Large transforms use the same implementation strategy, but avoid increasing code
size by using size-generic code.
## Code generation
Code is generated with python scripts. The following bash snippet
generates the relevant files:
```bash
for i in 2 4 8 16 32
do
python3 gen_idct.py $i > src/idct$i.rs
done
for i in 2 4 8 16 32
do
python3 gen_reinterpreting_dct.py $i > src/reinterpreting_dct$i.rs
done
python3 gen_idct2d.py > src/idct2d.rs
python3 gen_reinterpreting_dct2d.py > src/reinterpreting_dct2d.rs
cargo fmt
```
## SIMD type selection
The compiler generates suboptimal code when mixing different vector sizes.
Thus, as a first step we "downgrade" to the largest vector size that divides
both sizes of the transform.
## DCT/IDCT Implementation
Both the DCT and the IDCT use the same recursive algorithm used in libjxl to
compute a vector worth of DCTs/IDCTs.
## 2d transforms
The code is written to minimize transposition cost while still ensuring we load
full vectors at a time. We don't use any additional memory to store transposes.
Let K be vector length (which divides both sides of the DCT as per above).
### N x 2N transforms and 8x32 IDCT
For those transforms, the final output should be the same shape as the input.

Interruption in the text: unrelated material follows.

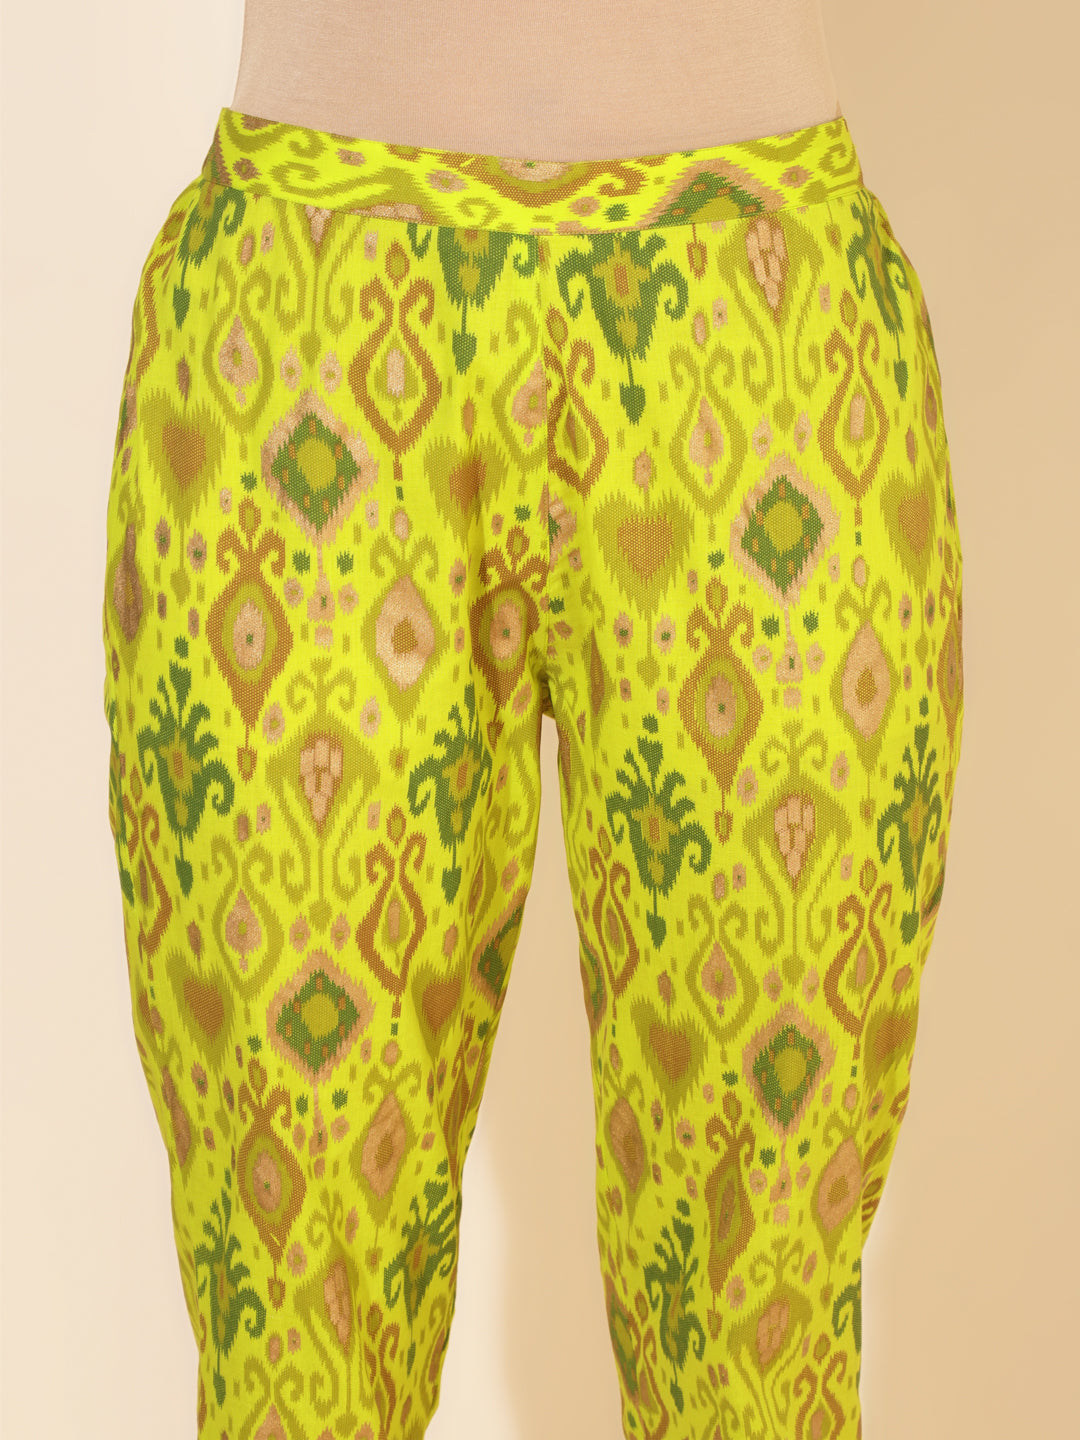 Lime Green Cotton Ikat Printed Co-ord Set
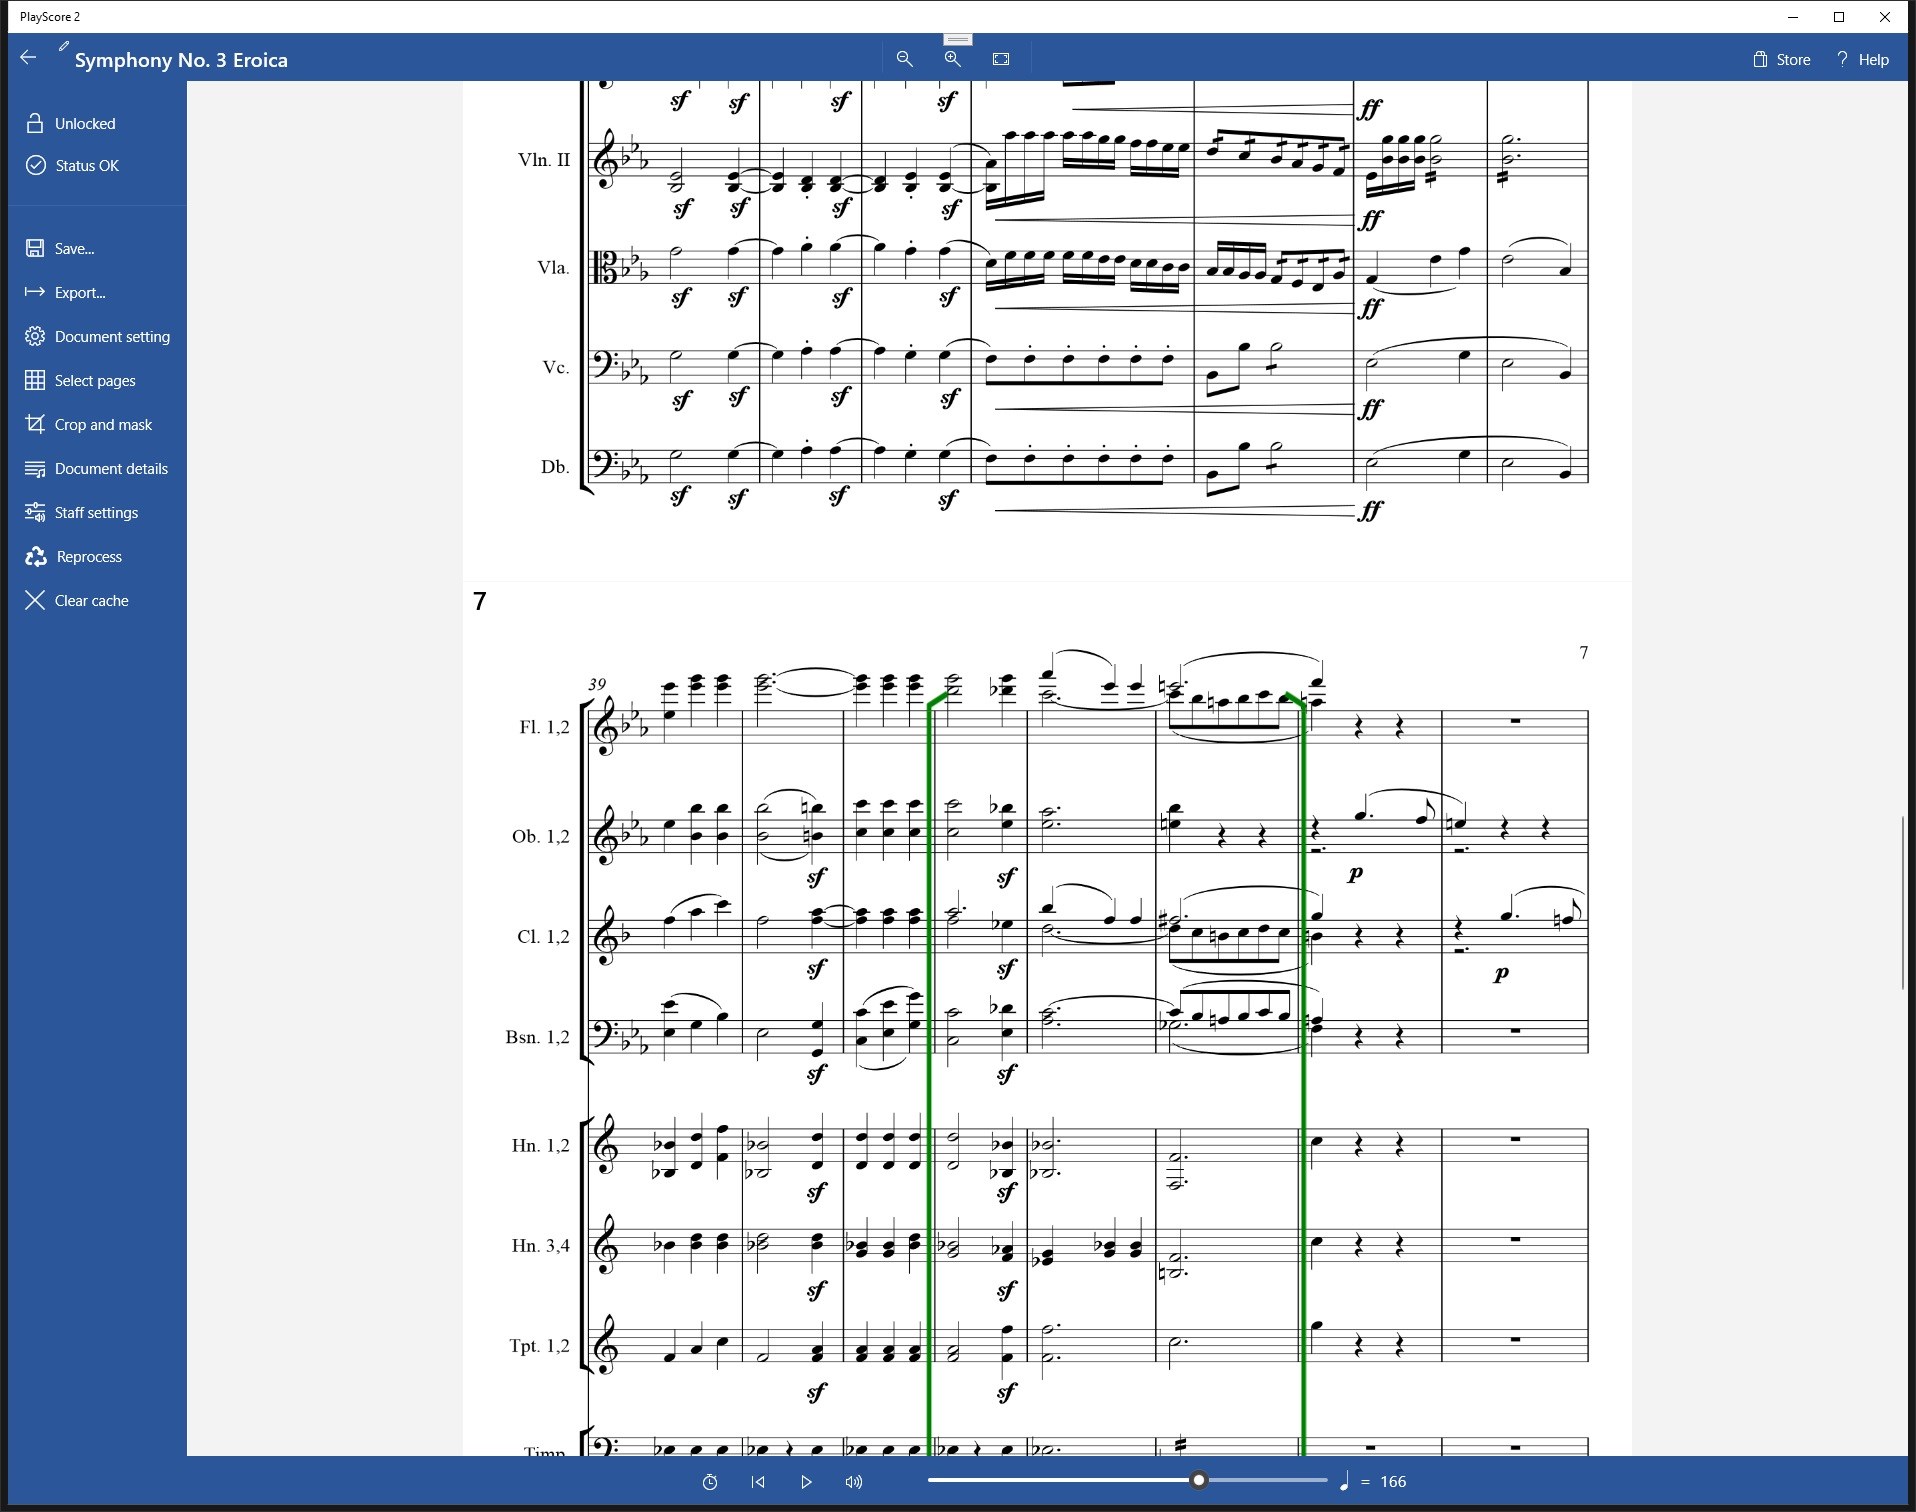 PlayScore 2 sheet music scanning app - exports MIDI and MusicXML

Thus, we logically need to transpose, DCT, transpose and DCT. However, we can
instead first do a set of row-DCTs on K rows, transposing every KxK
sub-matrix in place in advance, then do a column-DCT on the first K columns,
and finally transpose the KxK sub-matrices in the columns again.
### N x N transforms
Square transforms are easy: we can do column-DCTs, then swap KxK blocks between
lower and upper triangular part of the block-matrix, going K columns by K columns
and transposing during the swap, and do a column-DCT after each group of columns
is complete.
### 2N x N IDCTs and 32x8 IDCT
For these transforms, we have a special implementation of 1D-IDCT that does part
of the transpose.
In particular, we transpose NxN blocks as in the square case. We are then left
with doing the row-DCT and interleaving blocks so that they go from stacked
horizontally to stacked vertically. Since that can be done by just reshuffling
individual columns of vectors, we merge that operation with the DCT.
### 2N x N DCTs
This is basically the same as the IDCTs, but in reverse order. Thus, the
"special" DCT applies a different permutation.